R v Cunningham [1957] (very authoritative case)
Cunningham was a squatter and he went into an unoccupied house where
he was staying which had a coin operated gas meter. He tried to get the
money out of it and the gas started leaking out and made a neighbour
was really ill. He was charged with maliciously administrating obnoxious
substance. The judge said malicious meant wickedness, at trail he was
convicted of this offence and went on to appeal to CA that this
terminology was old fashioned. CA said the malicious meant you could
mean intentionally or recklessly. So quashed the decision?
R v Stephenson [1979]
Was a tramp and he suffers from schizophrenia. He finds himself in the
countryside and finds refuge in someones barn. He has a lighter on him
and starts a fire to warm and the barn ends up burning down. At trial he is
convicted of arson because the trial judge told the jury you have to
convict him if he closed his mind to an obvious risk. He appeals his
conviction and goes to the CA, they allow this and quash his conviction
and they so do because the trial judge misdirected the jury because he
applied an objective approach to recklessness.
Objective recklessness cases;
R v Caldwell [1982]
Caldwell had done some work fo a hotel owner and he goes and had some
drink at the hotel and gets in a fight with him. Caldwell gets into a temper
and sets fire to the hotel as revenge. Caldwell is convicted with
arson/criminal damage pleaded guilty. The second charge he is
convicted with is recklessly/intentionally endangering life and he disputed
this charge. At his trial he is convicted of the second charge. The trail
judge said drunkenness is not an excuse. HL looked at 2 things,
intoxication,...crown appealed... this was seen as a basic intent offence so

his drunkenness could not be used as a defence, court said because it is a


basic intent offence, if you get so drunk you have no idea what you are
doing then you are acting in a reckless manner.
Specific intent eg. Murder, because only intention suffices. A crime of
specific intent, the only form of mens rea that is required in intention. For
crimes of specific intent, drunkenness can work as a defence.
Basic intent all other offences, which can be committed recklessly by
any other mens rea except intention. Drunkenness is never going to be a
defence for a basic intent crime.
Elliot v C [1983]
There was a girl who was lower levels of intelligence, maturity for a 14
year old. She fought with her parents, and she sets fire to the next door
neighbours shed. She said she didnt realise the consequences of what
would happen. She was convicted at trial because of caldwells approach
to recklessness. The court reaffirmed that when you are looking at
criminal damage, you take an objective approach. For the next 20 years,
court always looked at recklessness is an objective approach
Caldwells approach can be seen as quite harsh and over inclusive.
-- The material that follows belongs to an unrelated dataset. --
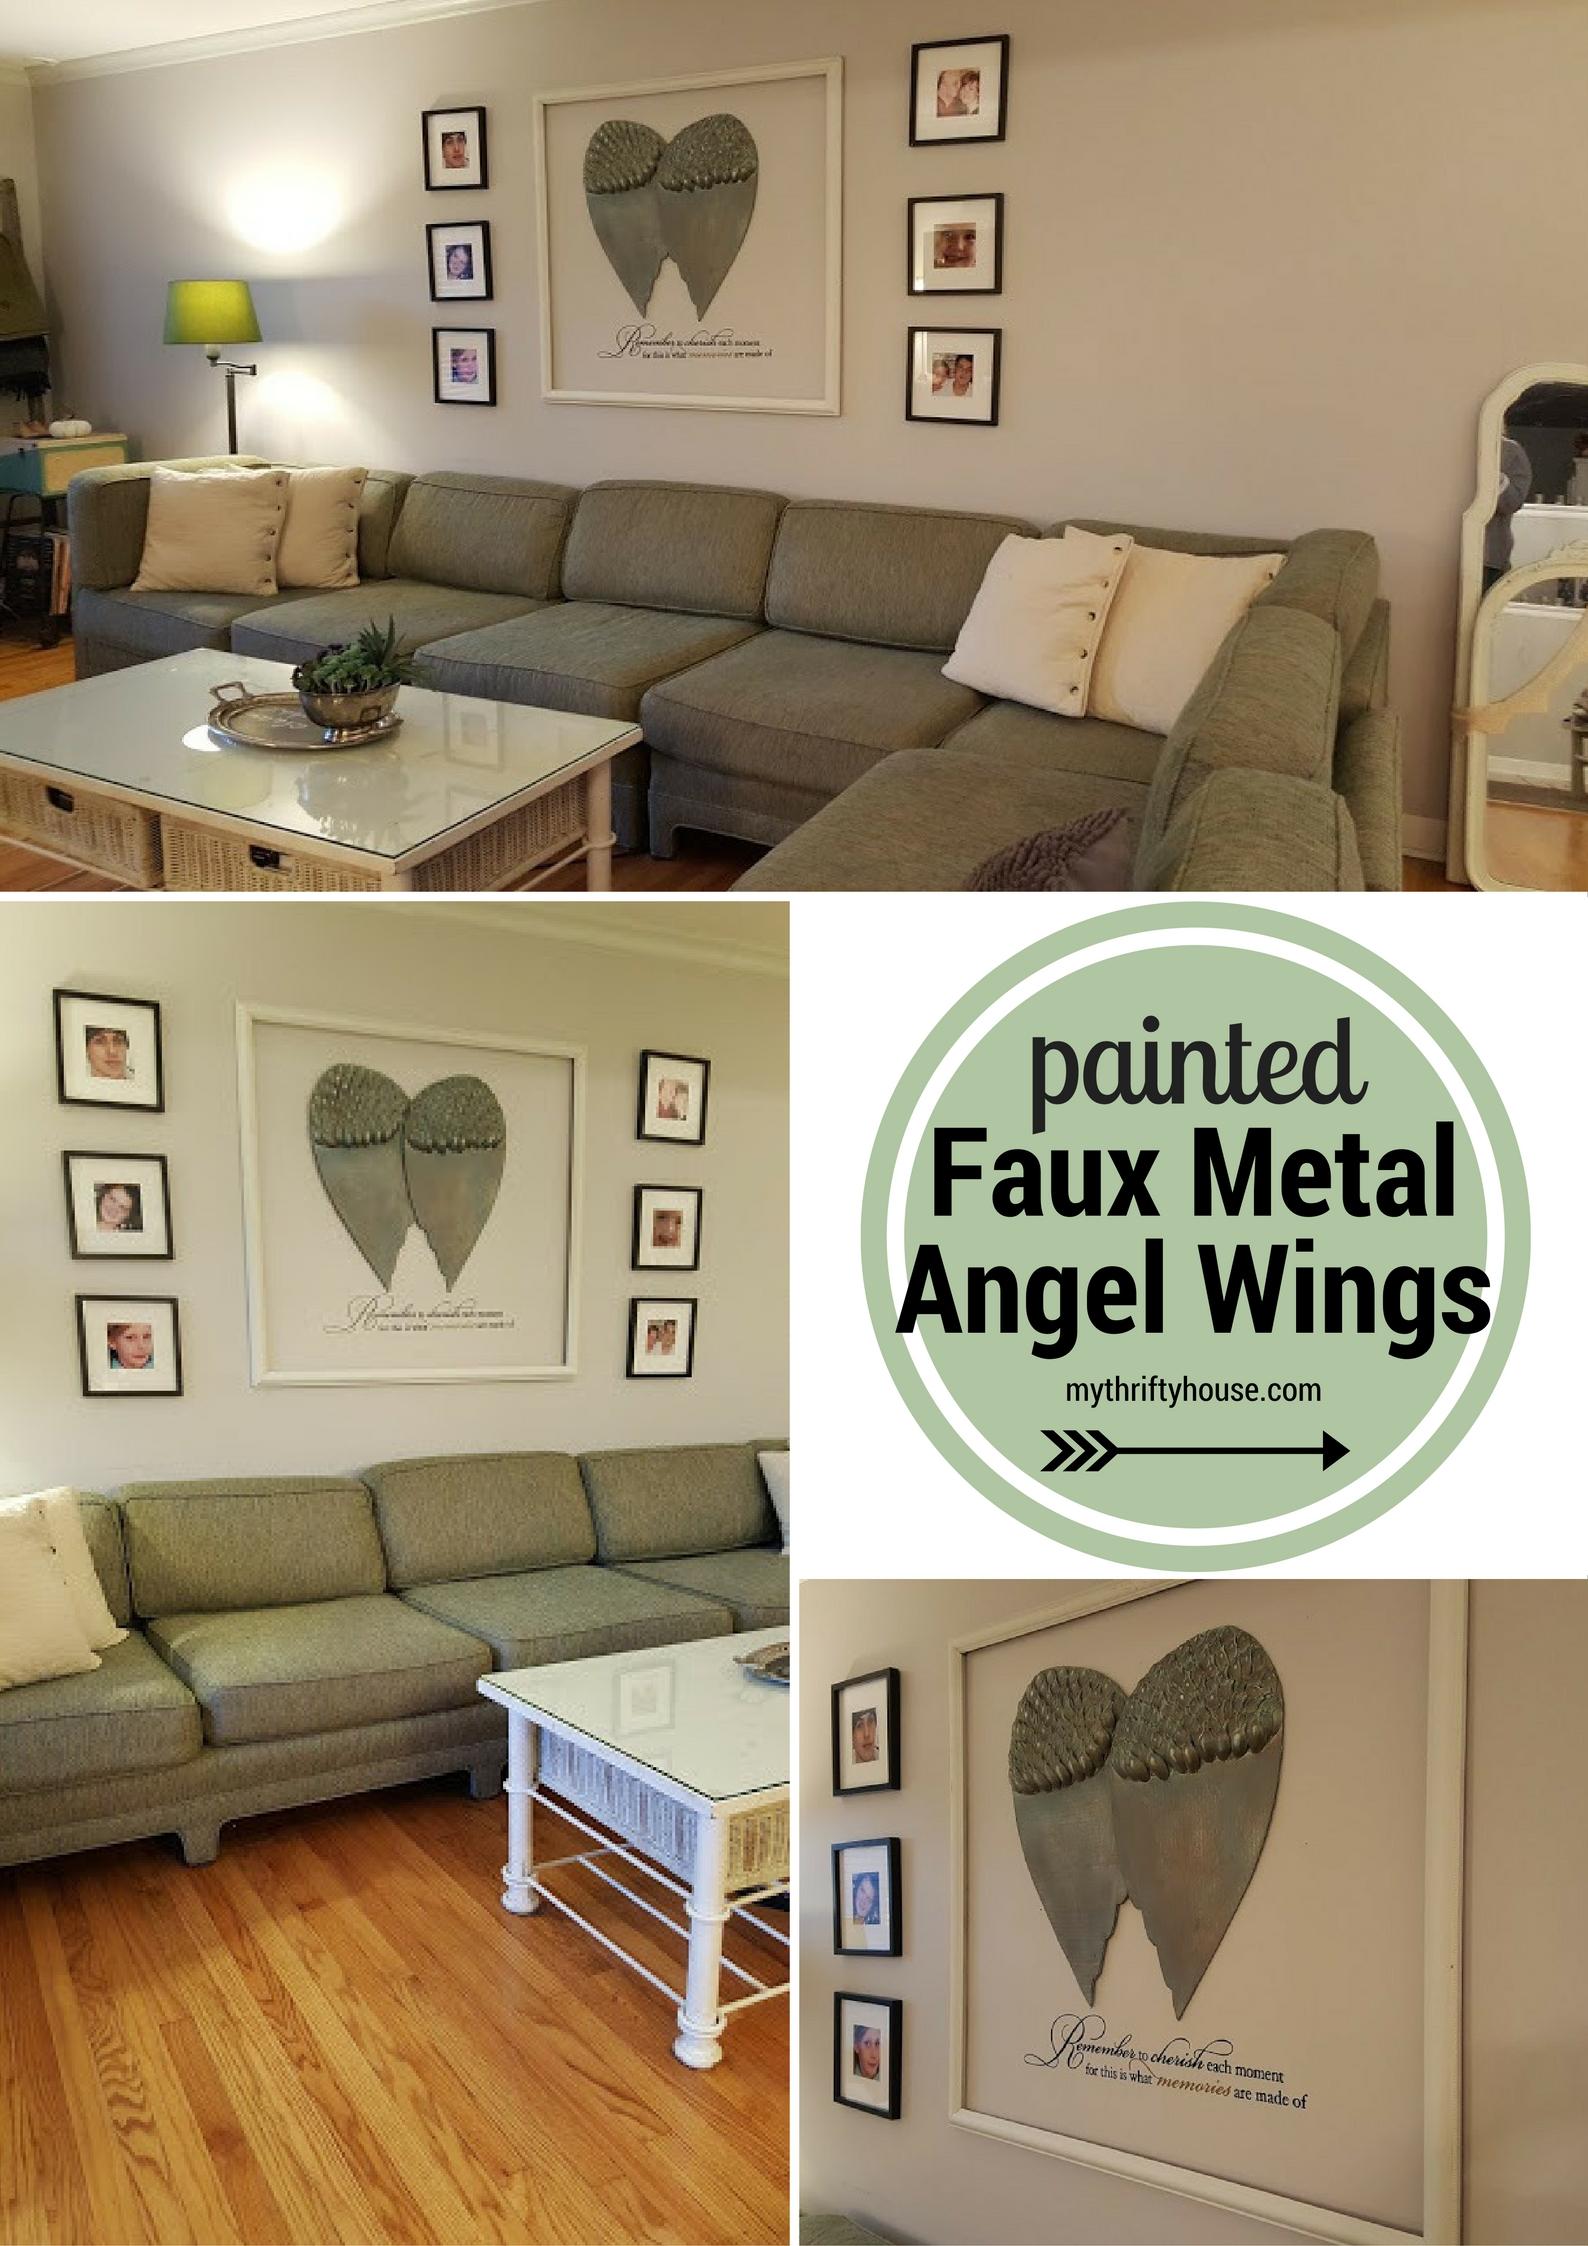 cardboard-painted-faux-metal-angel-wings

Subjective recklessness could be criticised as being under inclusive.
R v G [2003]
The case involved criminal damage. 2 boys, 11 and 12 years who set fire
to newspapers in a wheelie bin near a supermarket and it catches fire to
the building and the supermarket suffer losses of over 1 million. They are
convicted of arson/criminal damage, they appeal on the fact that they
didnt understand the full consequences of the risk they were taking.
Appeal is dismissed because they took the Caldwell approach. HL decided
to quash the boys conviction to arson and allow their appeal, and
reinstate a subjective view for recklessness.
They wanted to bring the subjective approach back because the objective
approach leads to unfair decisions. Conviction for serious crime should
depend on proof of culpable state of mind of the defendant.